**Dataset section**
[Start of section]
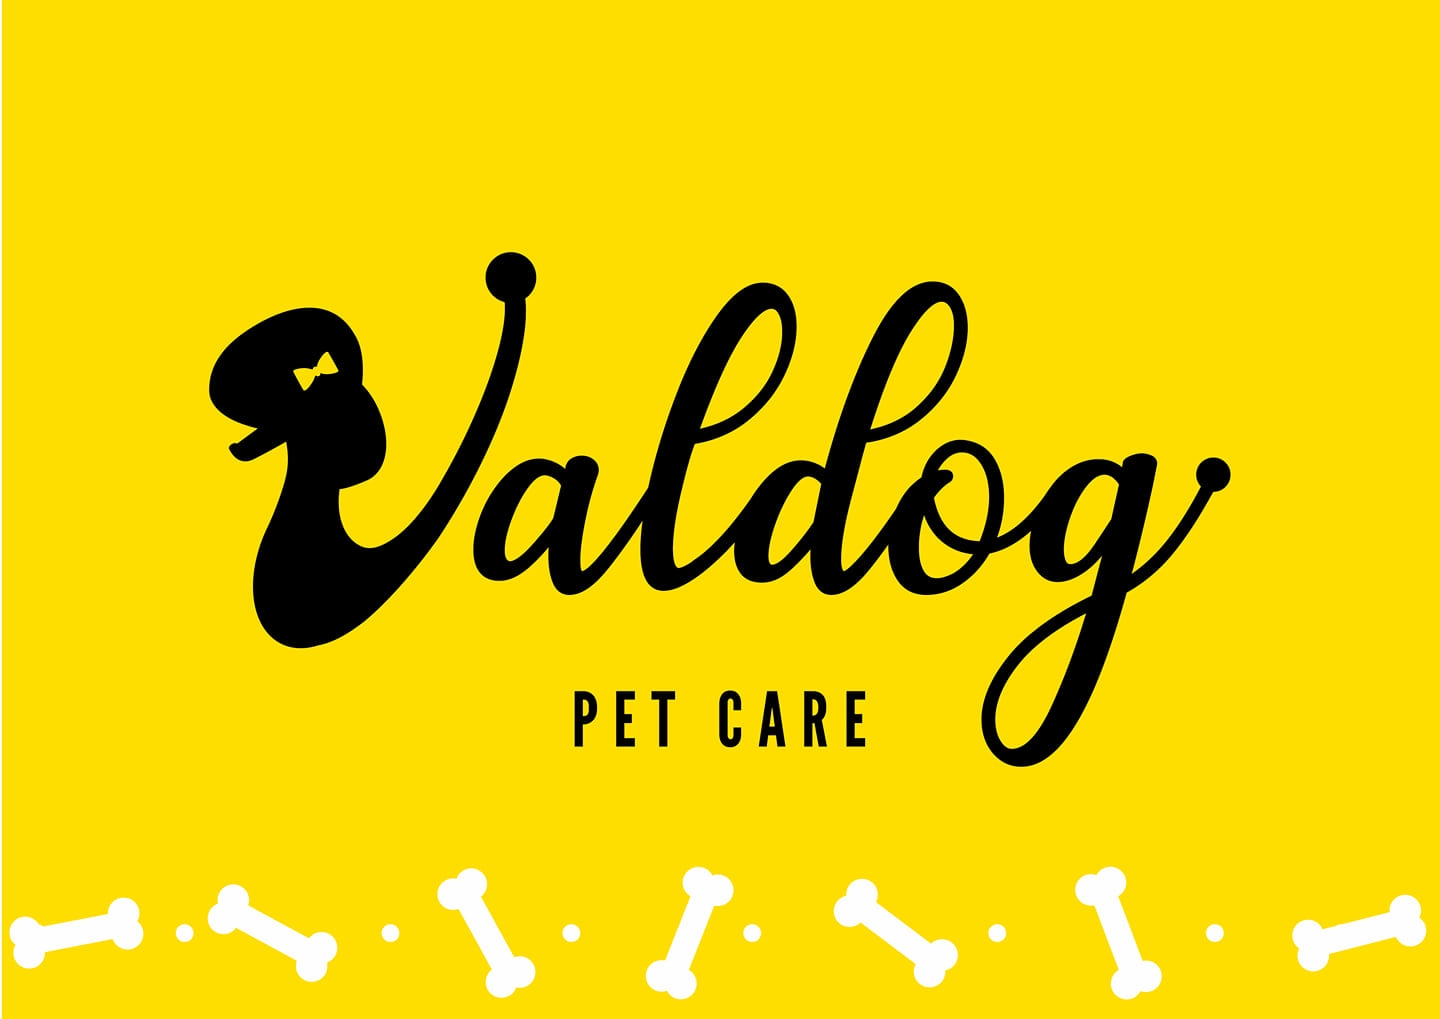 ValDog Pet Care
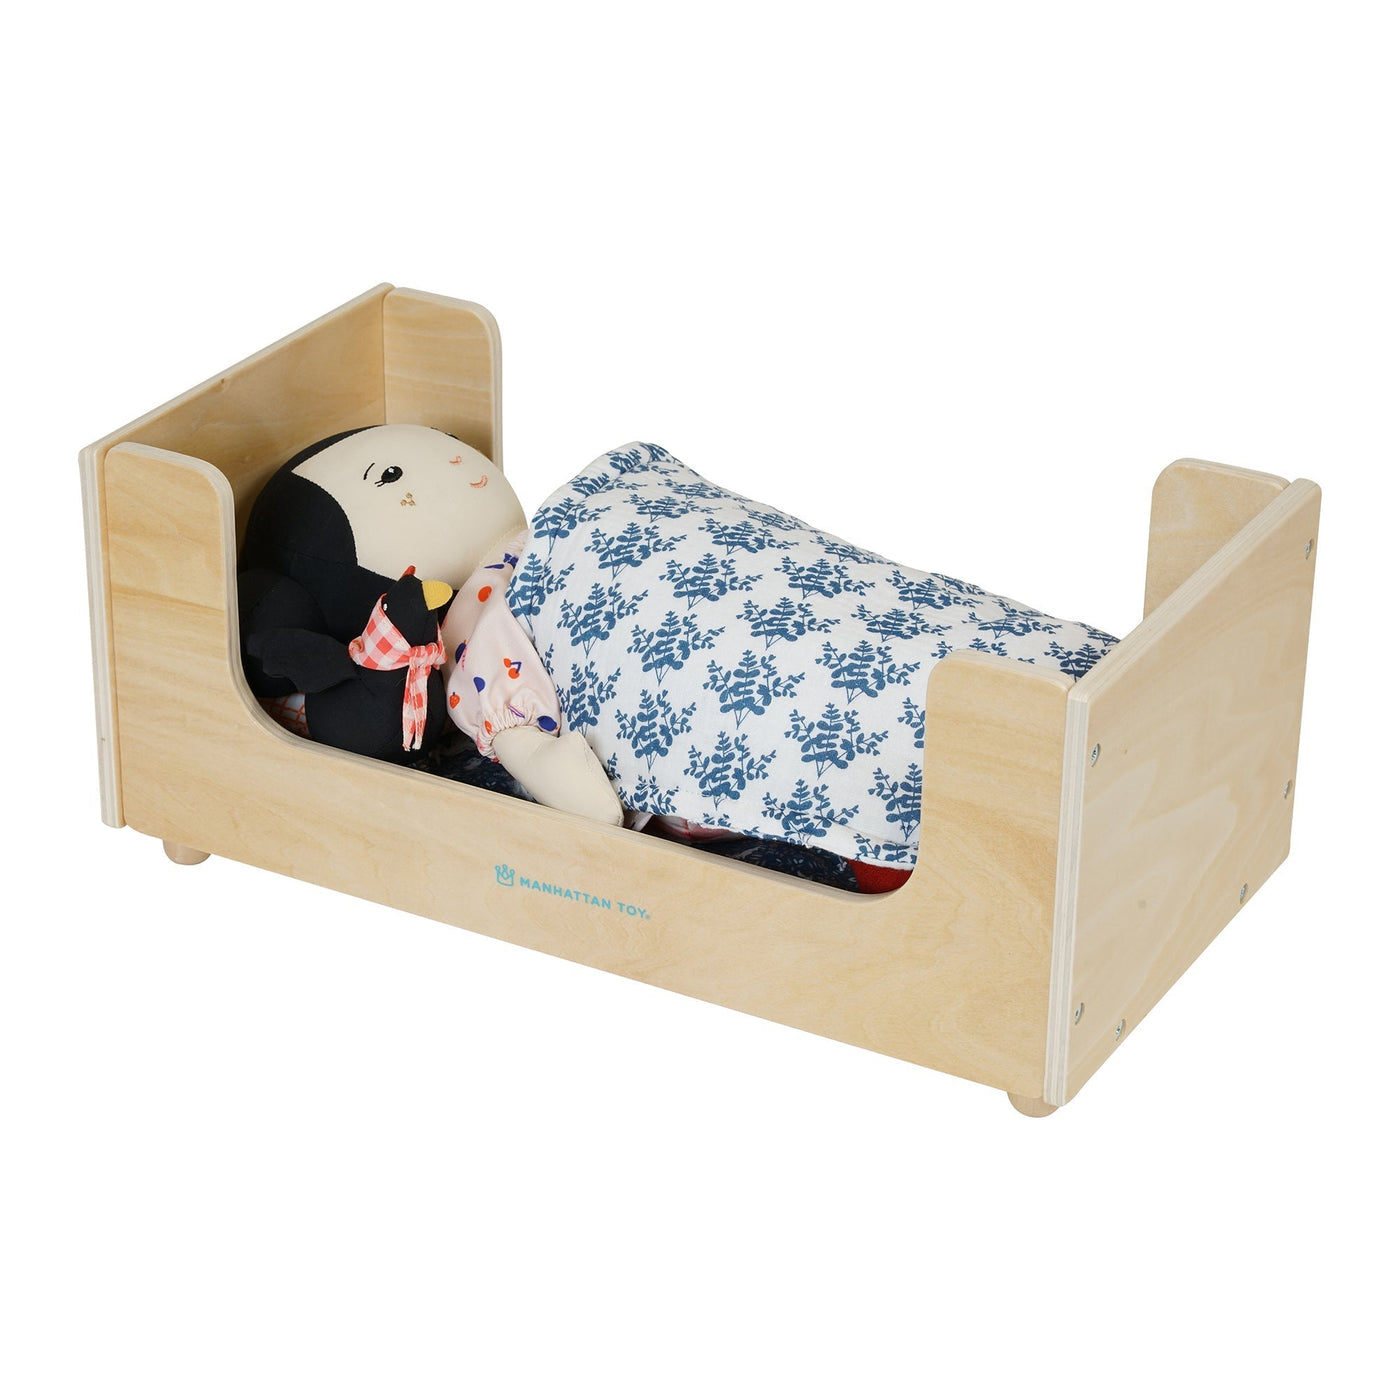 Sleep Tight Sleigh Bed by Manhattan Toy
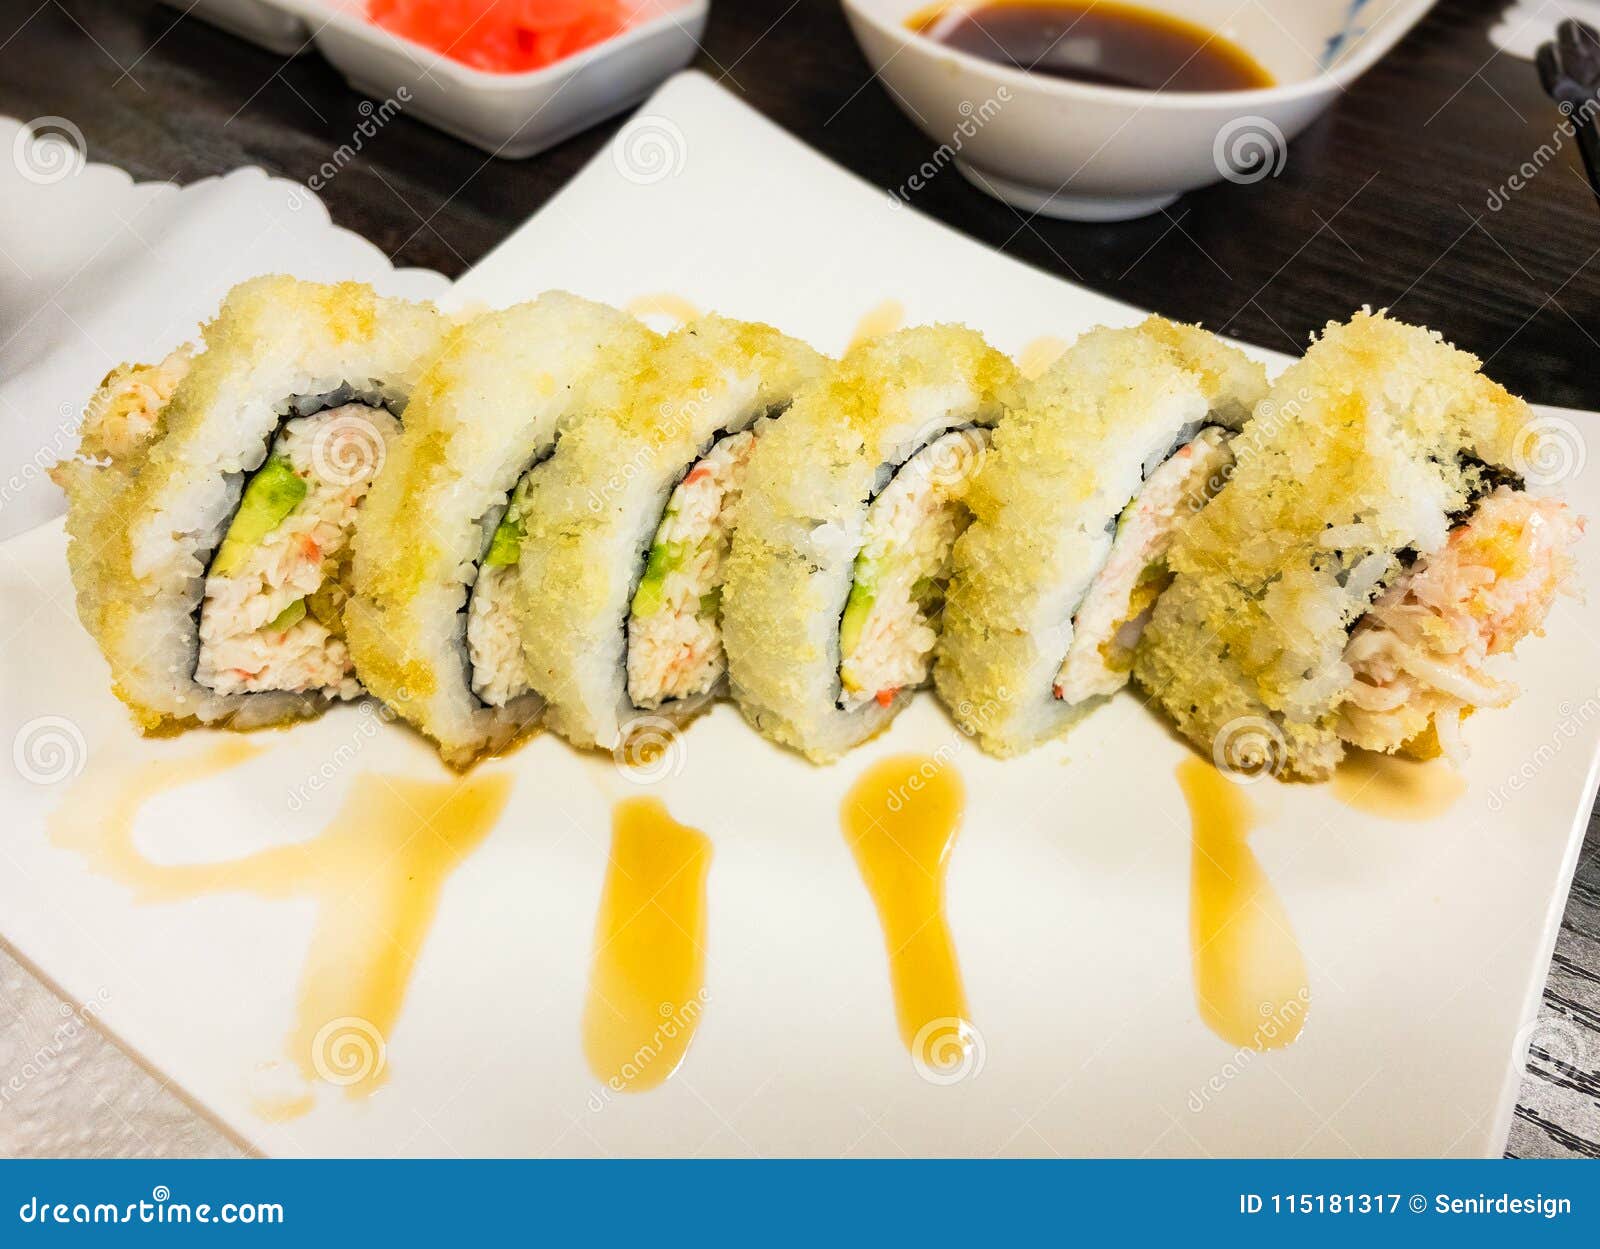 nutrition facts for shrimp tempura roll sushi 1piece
[End of section]
**What you need to do**
All the lines above should be reproduced exactly, and none of the pictures.

**Your response**
 ValDog Pet Care
 Sleep Tight Sleigh Bed by Manhattan Toy
 nutrition facts for shrimp tempura roll sushi 1piece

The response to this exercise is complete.